In January 2011, a fragmentary rotational lightcurve of Cabot was obtained from photometric observations in the R-band by astronomers at the Palomar Transient Factory in California. Lightcurve analysis gave a poorly defined rotation period of 2.237 hours with a brightness amplitude of 0.10 magnitude (U=1). As of 2018, no secure period has been published.

=== Diameter and albedo ===

According to the survey carried out by the NEOWISE mission of NASA's Wide-field Infrared Survey Explorer, Cabot measures 3.66 and 5.363 kilometers in diameter and its surface has an albedo of 0.185 and 0.24, respectively.
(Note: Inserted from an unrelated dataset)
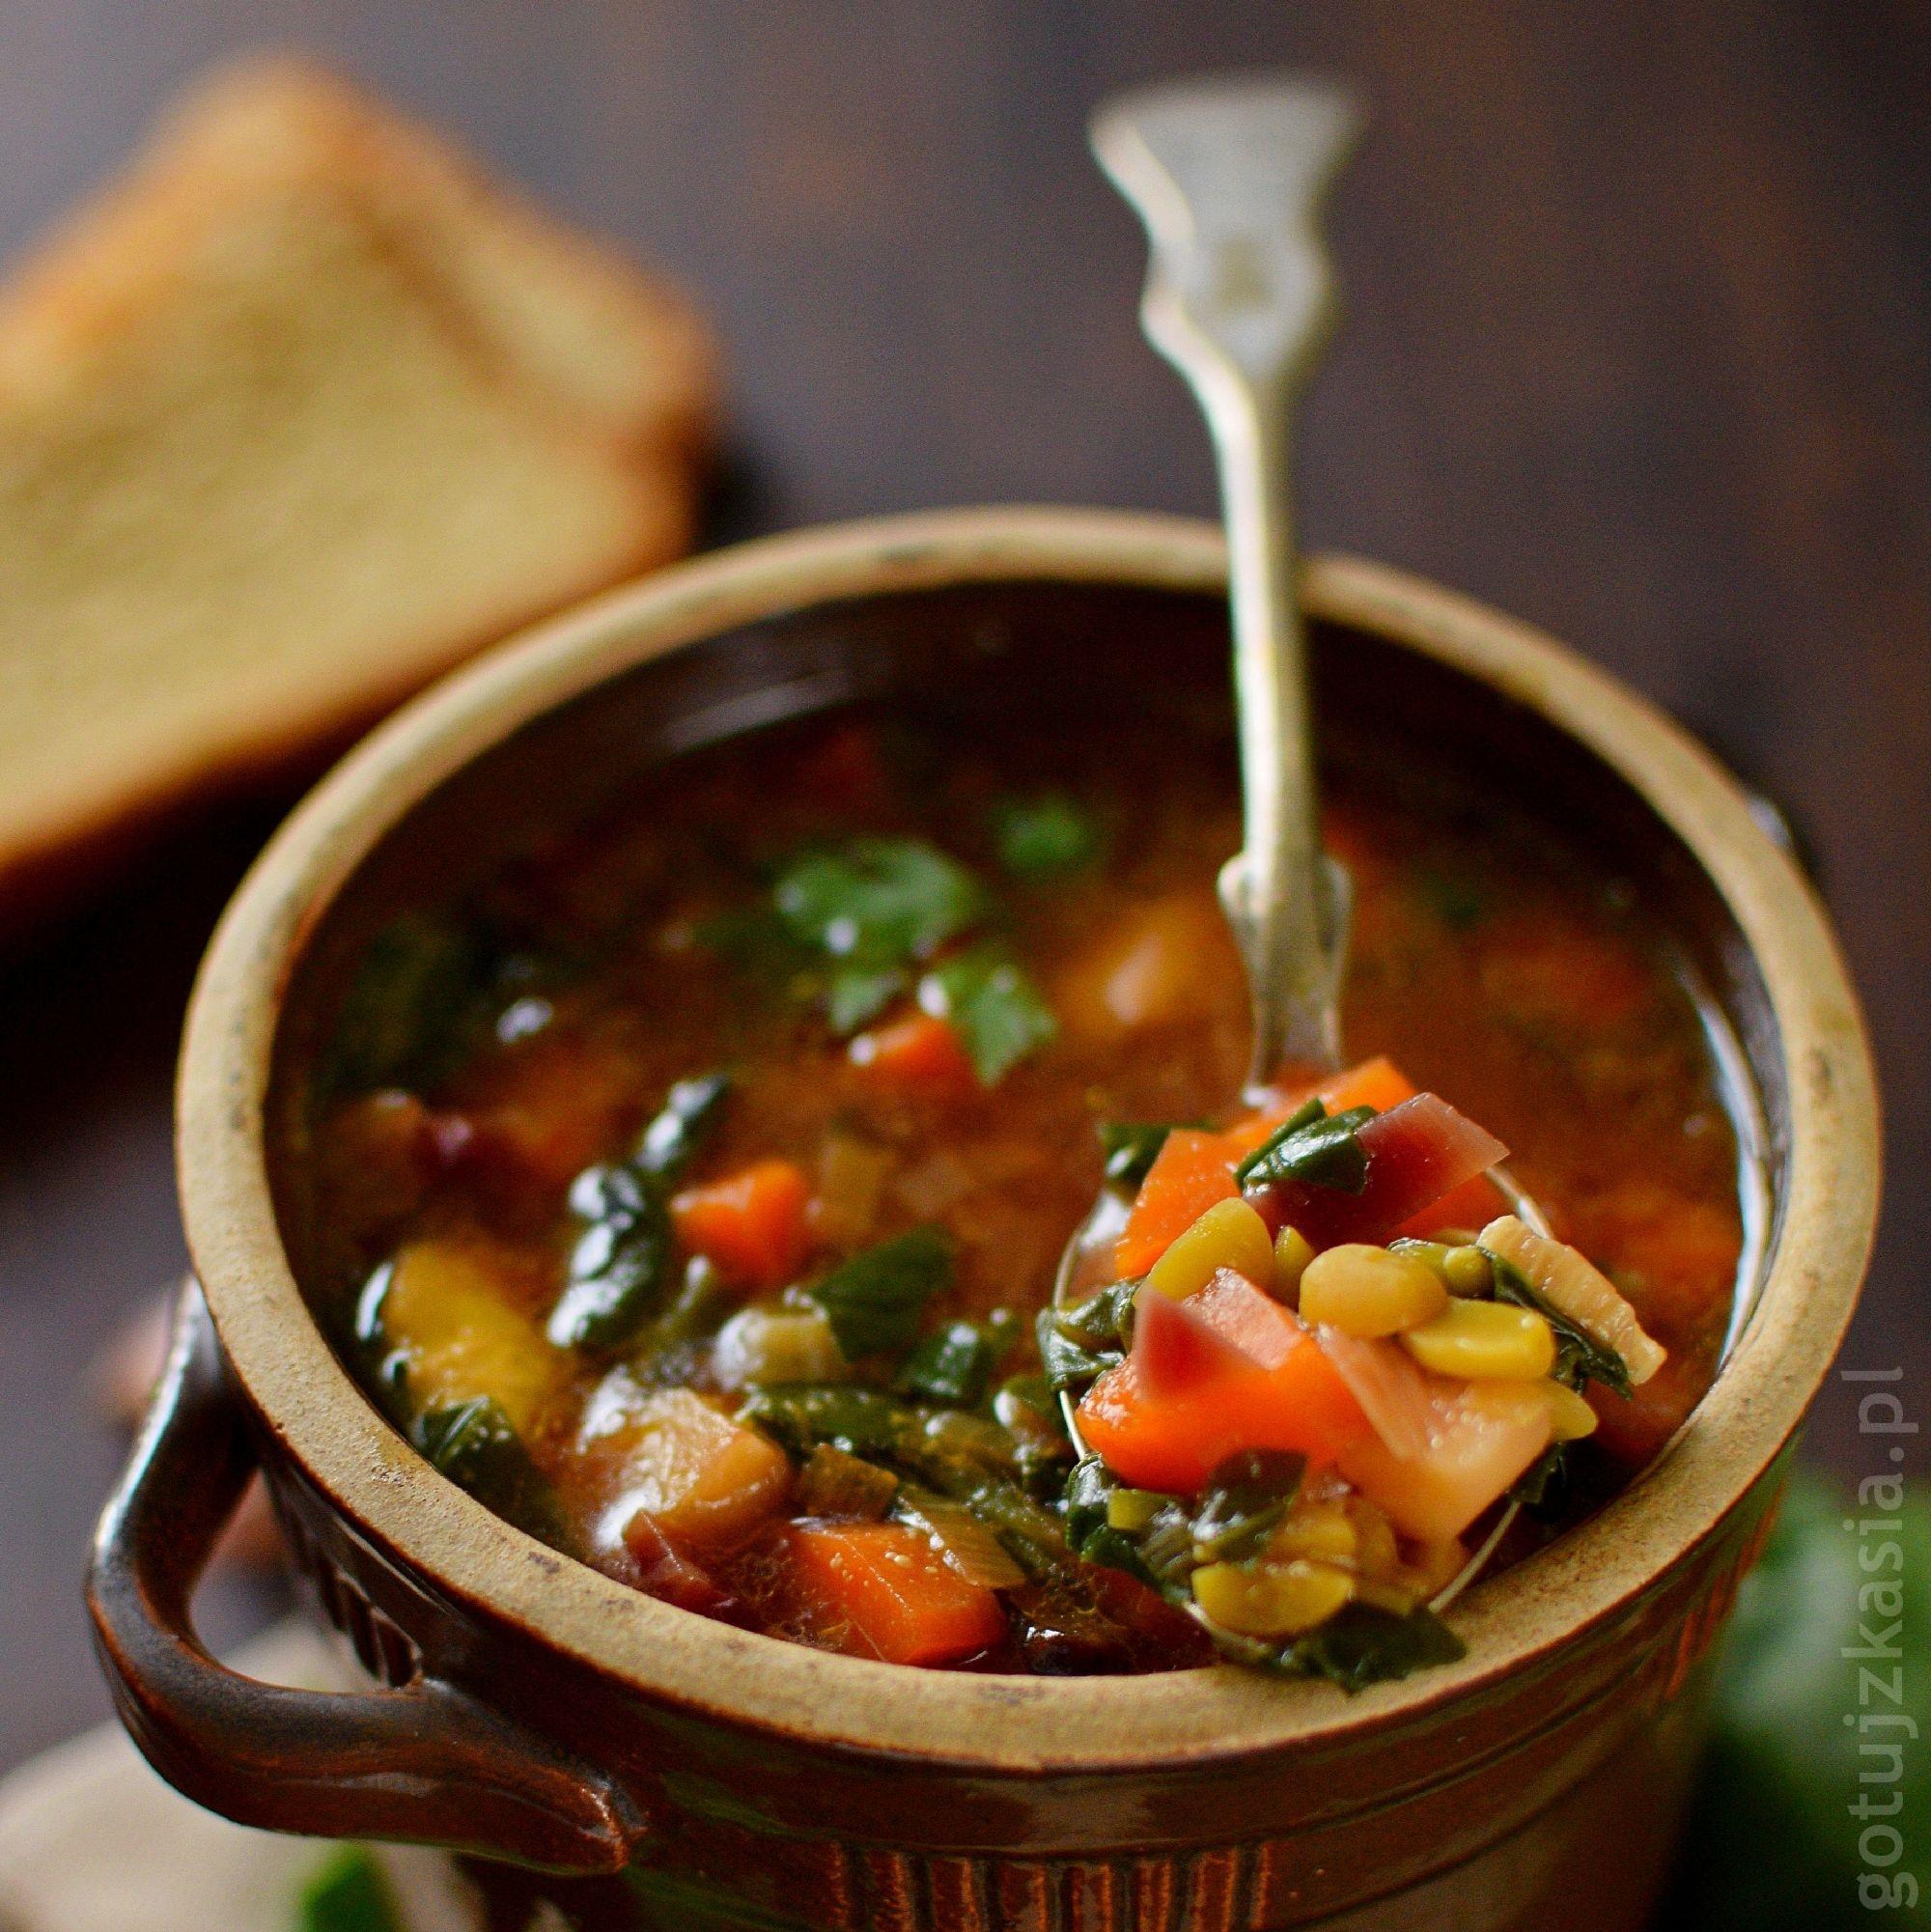 jesienna zupa 4

The Collaborative Asteroid Lightcurve Link assumes an albedo of 0.24 – derived from 8 Flora, the parent body of the Flora family – and calculates a diameter of 3.62 kilometers based on an absolute magnitude of 14.37.

== Naming ==

This minor planet was named after Italian explorer John Cabot (Giovanni Caboto; c. 1450–1499), who discovered the coast of North America in 1497, the first recorded landfall since the Norse voyages. The Venetian navigator sailed from Bristol under the commission of Henry VII of England. The official naming citation was published by the Minor Planet Center on 20 June 1997 (M.P.C. 30101).